When it comes to computers, it seems like the only thing that matters is speed. The more the better, in general, and the same applies to peripherals. We want the fastest network adapters, the fastest video card, and the fastest printer. So why in the world would anyone intentionally build a really slow inkjet printer? For art, of course.

At least that’s the story [HomoFaciens] tells us in the video below. His efforts are in support of a friend’s art project, which seeks to print slowly but continuously on a roll of paper. [HomoFaciens]’s printer is based on an H-P C6602 inkjet cartridge, one of those high-priced consumables that make buying a new printer more attractive than replacing them once depleted.

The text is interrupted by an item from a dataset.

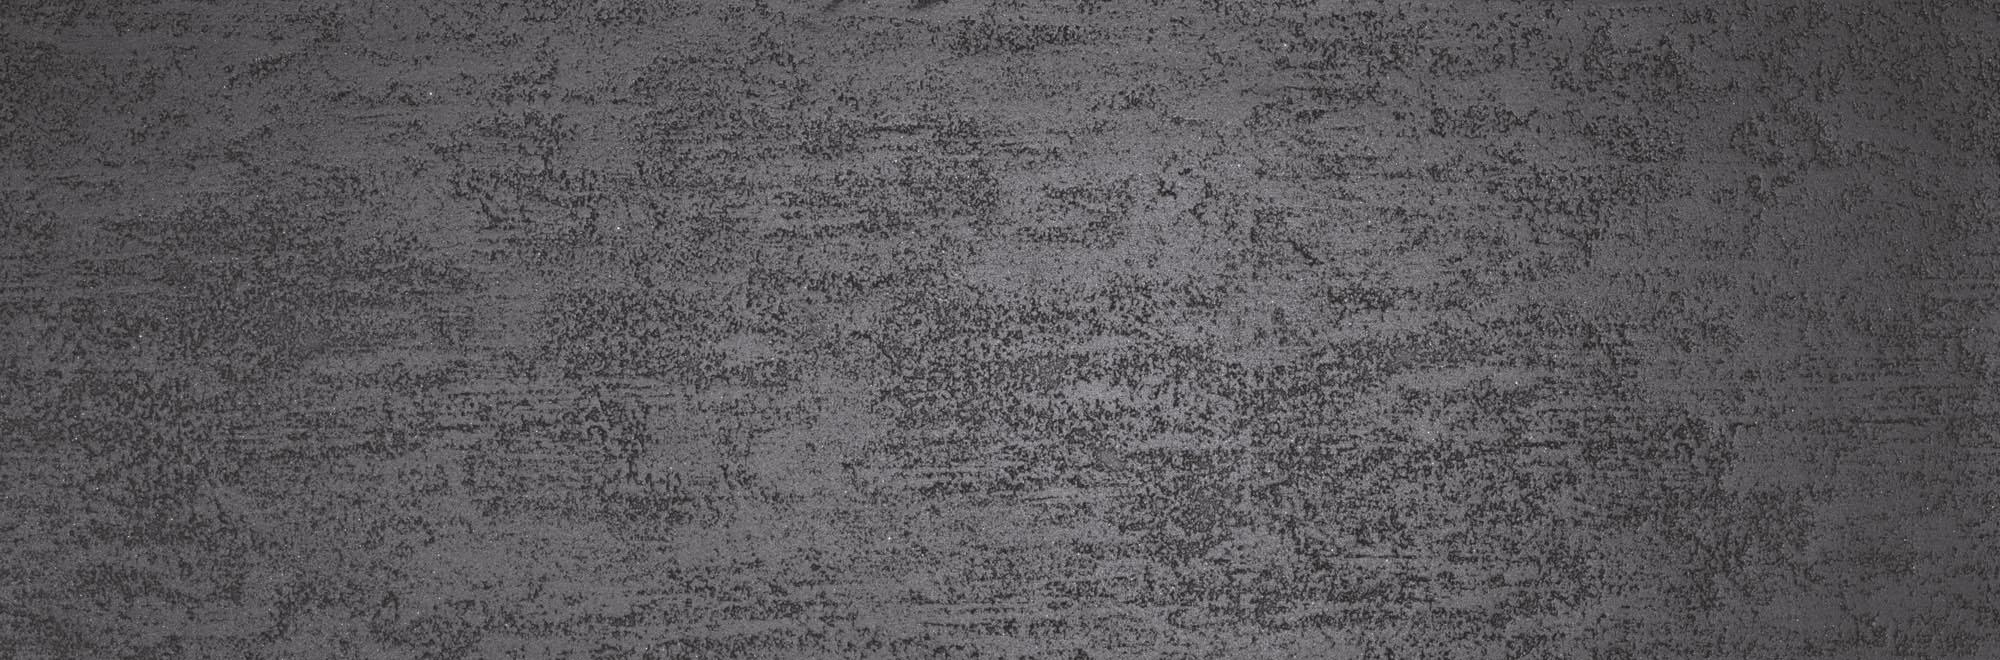 K717032180, Essence, Musta, lattia,pakkasenkesto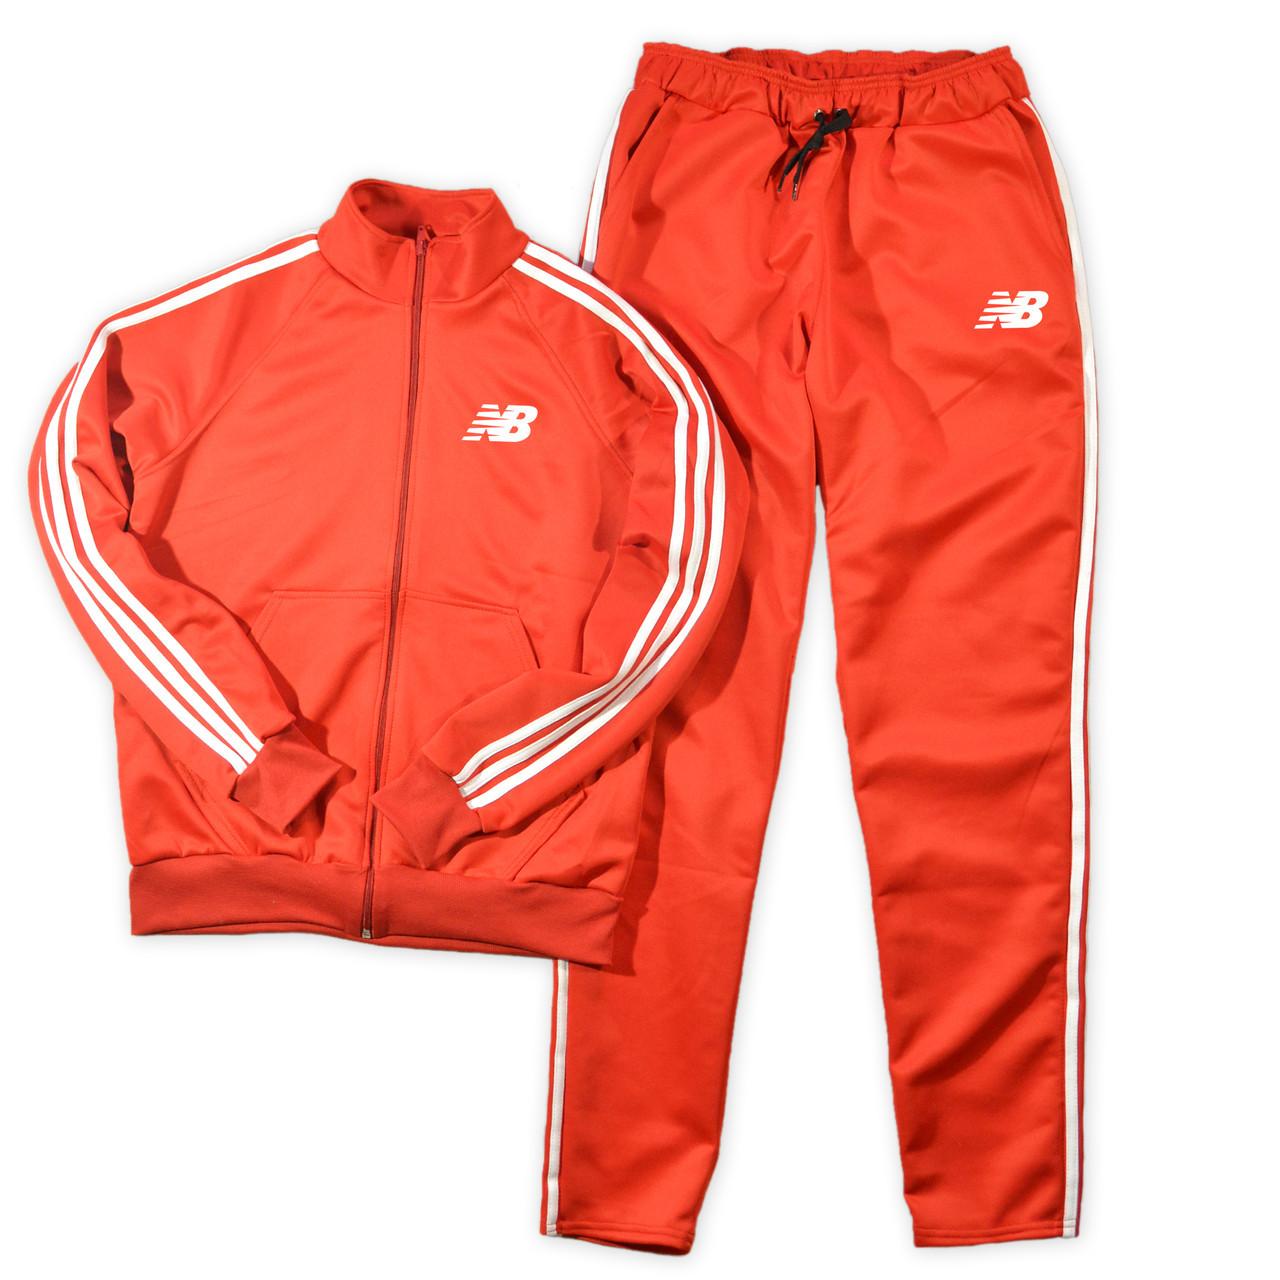 Красный мужской спортивный костюм New Balance с лампасами (Нью Беленс)

After figuring out how to drive the printhead — 5 to 6 μs pulses of 18 volts through a ULN2803 Darlington array driver chip seemed to do the trick — he mounted everything to the gantry of an old 3D printer. It’s interesting to watch the images slowly being built up — something that printers usually hide from prying eyes — and to see how the DPI count of the printer can be increased by interlacing each printed line.

Near the end of the video, we get a glimpse of his “tattoo gun printer”, which reminded us of all the other cool things he’s done over the years. From a CNC machine made from paperclips and cardboard to an encoder made from a wheel of resistors, [HomoFaciens] has some interesting designs that you really should check out.